Coinbase co-founder Fred Ehrsam, who started the company with current CEO Brian Armstrong in 2012, stayed on as president until 2017 and is still on the board, shared a brief story on Twitter on Wednesday morning.
“When Brian Armstrong and I started Coinbase in 2012, a Bitcoin was worth $6 and only known by a few nerds on the internet. Bitcoin was the crazy idea that the world could have a digital money for everyone.
“Coinbase had one mission: to make crypto easy to use. Beginnings were not glamorous. Coinbase launched out of a two bedroom apartment we shared with another company. We were far from conventional.
“For our first hire, we selected a whip smart fanatical lumberjack over a Google manager. Over time, crypto grew, and so did the company. A simple Bitcoin wallet evolved into individual and institutional products to support a blossoming cryptoeconomy. (Two) nerds who met on the internet (yes, Brian Armstrong and I met on Reddit turned into a company of 1000+.
“There was serious hardship. In the 3 years between 2014 and 2017, the outside world thought crypto was dead. Over a third of employees left.”
When trading opens on Wednesday afternoon, Ehrsam’s shares will be worth more than $2 billion and Armstrong’s will top $15 billion.
There are also stories of brutal near misses like Sahil Lavingia’s story.

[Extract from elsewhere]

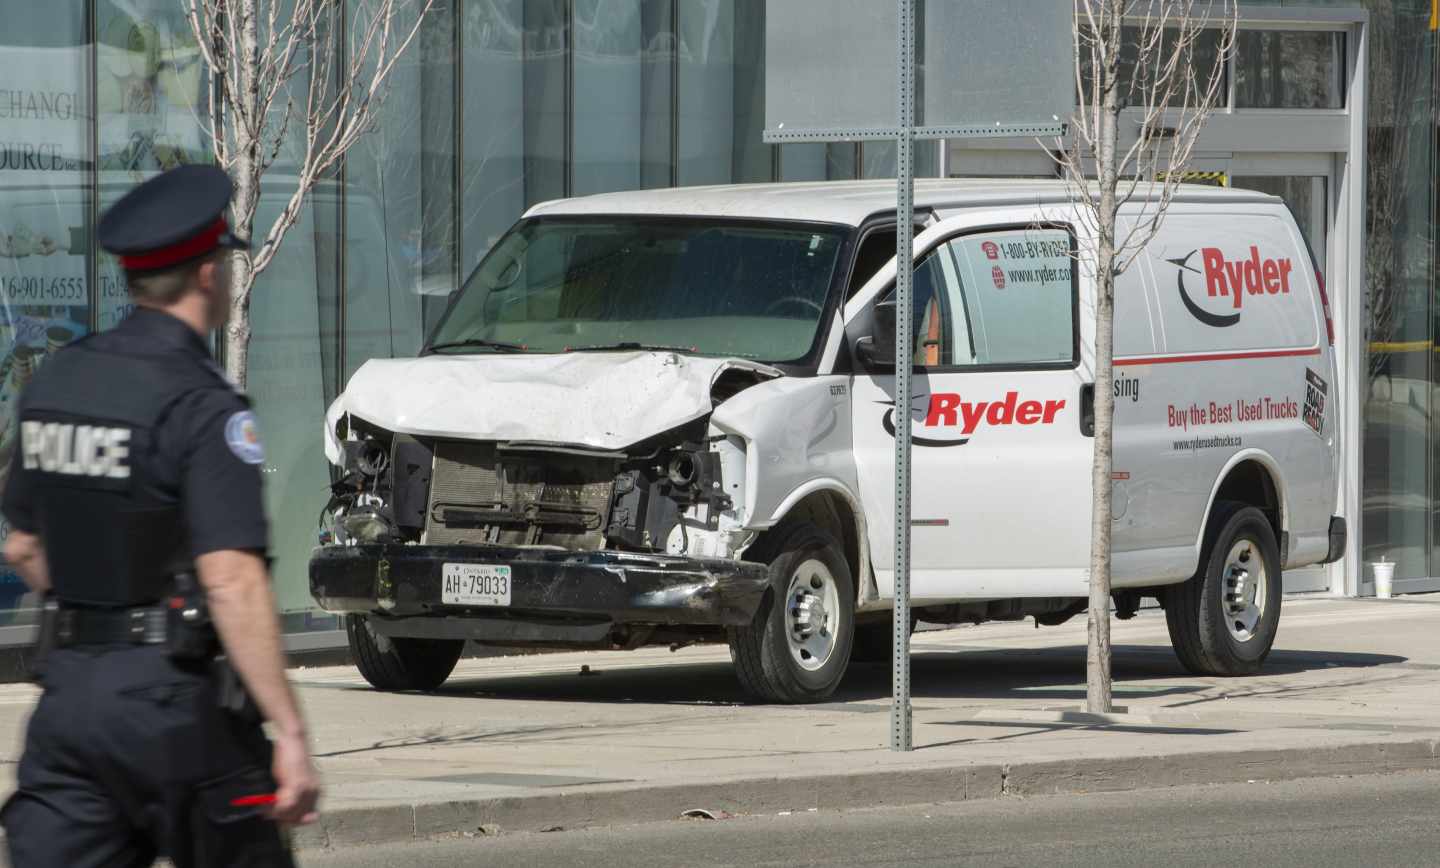 La furgoneta que ha provocado el atropello mortal en Toronto.

Lavingia, the CEO and founder of Gumroad, which sells products by creators directly to consumers, shared a story of Armstrong approaching him early on in the Coinbase process to discuss creating the company.
In 2011 with Bitcoin worth roughly a dollar, Lavingia passed on Armstrong’s idea of starting a crypto company together.
Found the original email: “I'm coding on a project in digital currencies right now which I'll be applying to YC with in the next batch.” pic.twitter.com/84TlHKKJYS
— Sahil (@shl) April 14, 2021
Coinbase is expected to open on the Nasdaq at about $360 per share on Wednesday afternoon.
Fittingly, Ehrsam finished his thread with a note to the one who seemingly started it all.
“Thank you Satoshi, whoever you are.”